My first real job experience that didn’t involve fast food was as an intern at The Boeing Company. It was the boondoggle of internships, with salmon bakes and dinners with the top brass for me and my cohorts. I was working on failure mode analysis on the new airplane design. Even though I was doing everyday Jane-engineer work, I was invited to sit in on an assortment of high level meetings thanks to this intern program. The plane design was in the last phase of a multiple phased process, so any design changes coming in at this stage would ripple through in painful and costly ways.
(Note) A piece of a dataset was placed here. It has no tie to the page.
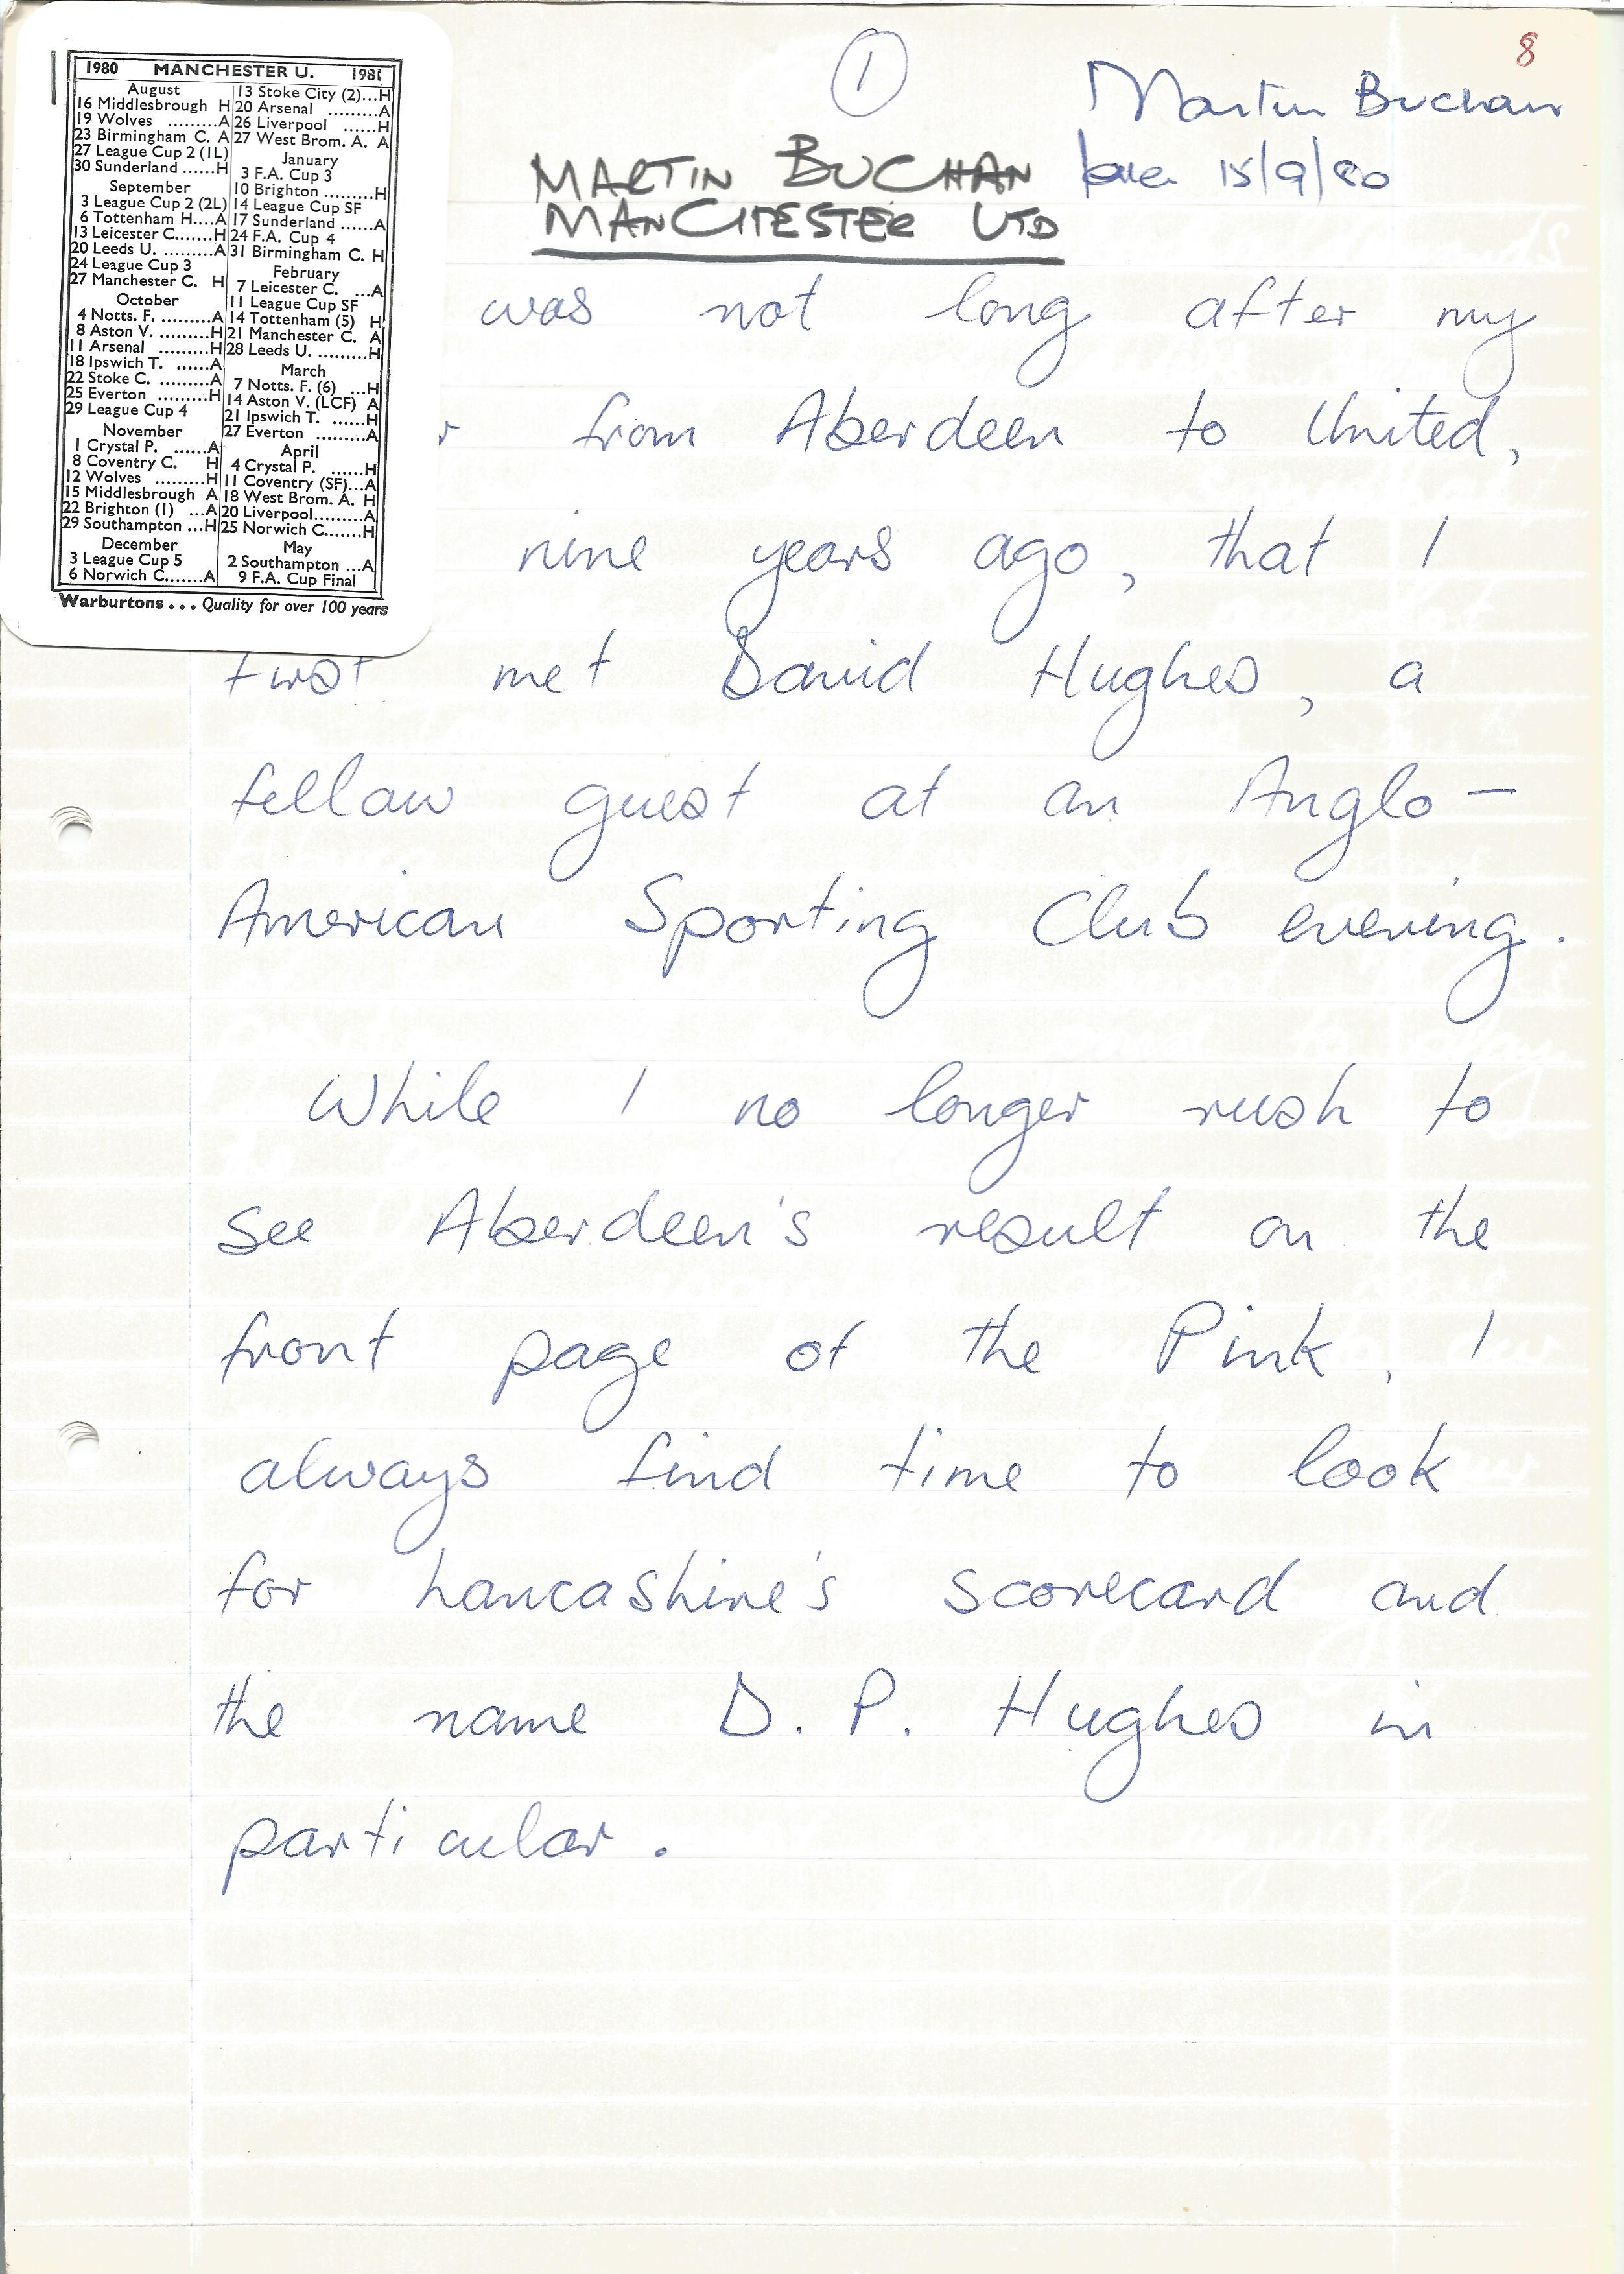 Footballer Martin Buchan, 7-page handwritten article for the testimonial brochure of Lancashire

The aircraft systems had multiple redundancies, and as it would happen, I found a failure mode that was below the required level of redundancies.
Having sat in on the design review meetings, I knew what would happen. I would present the failure mode. The analysis would be reviewed. The cost and delay of correcting the problem would be discussed and debated. This would go on for some time, until one of the 10 or so very senior guys sitting around this elegant wood conference table in their mostly white shirts and ties would say, in a slow, deep voice, emphasizing each word: “But….how much…is a human life worth?” At this, everyone else around the table would look down at their tie, at their hands. There would be a pregnant pause, a quiet interlude.
What do you think happened next? After this pause, the meeting would suddenly be on again, with the discussion now focused on how to make the change in the most efficient way. So I went to the next Friday meeting, this time as a participant, not a fly on the wall, and I presented my findings. And they groaned at the change. They reviewed my analysis. The schedule and cost implications were hotly debated. This went on for a while. Then someone said…
Boeing had a touchstone to test every decision on. It didn’t need escalation; it didn’t need a strategic review. You could argue this was easy for Boeing, since the consequences were so high.
So what do you do if you are just a regular company with regular products, like let’s say Costco? Costco’s famous “Calvin Klein jeans story,” from Evelyn Clark’s book Around the Corporate Campfire via Dan Heath and Chip Heath’s Made to Stick blog on Fastcompany, answers this question.
“In 1996, Costco was selling out of Calvin Klein jeans at $29.99 a pair. Then, the chain’s buyers struck a deal to get about 4 million pairs at a discounted price; with Costco’s usual 14% markup, the jeans would sell for just $22.99. The buyers knew that Costco could easily sell out the full order at $29.99. Where do you set the price? The decision: $22.99. Jim Sinegal, CEO, said, “I use that as an example because it would be so tempting for a buyer to go with the higher price for a very quick $28 million in additional profits, but ours didn’t. That’s an example of how we keep faith with the customer.” “
Costco has a pact with their customers. It’s not perhaps as compelling as keeping them safe at 30,000 feet, but there is an implicit contract with the customer, which drives loyalty and trust. In the jeans story, Costco gave up a quick $28M to “keep faith with the customer”. No escalation, no strategic review. Costco has their touchstone. What’s yours?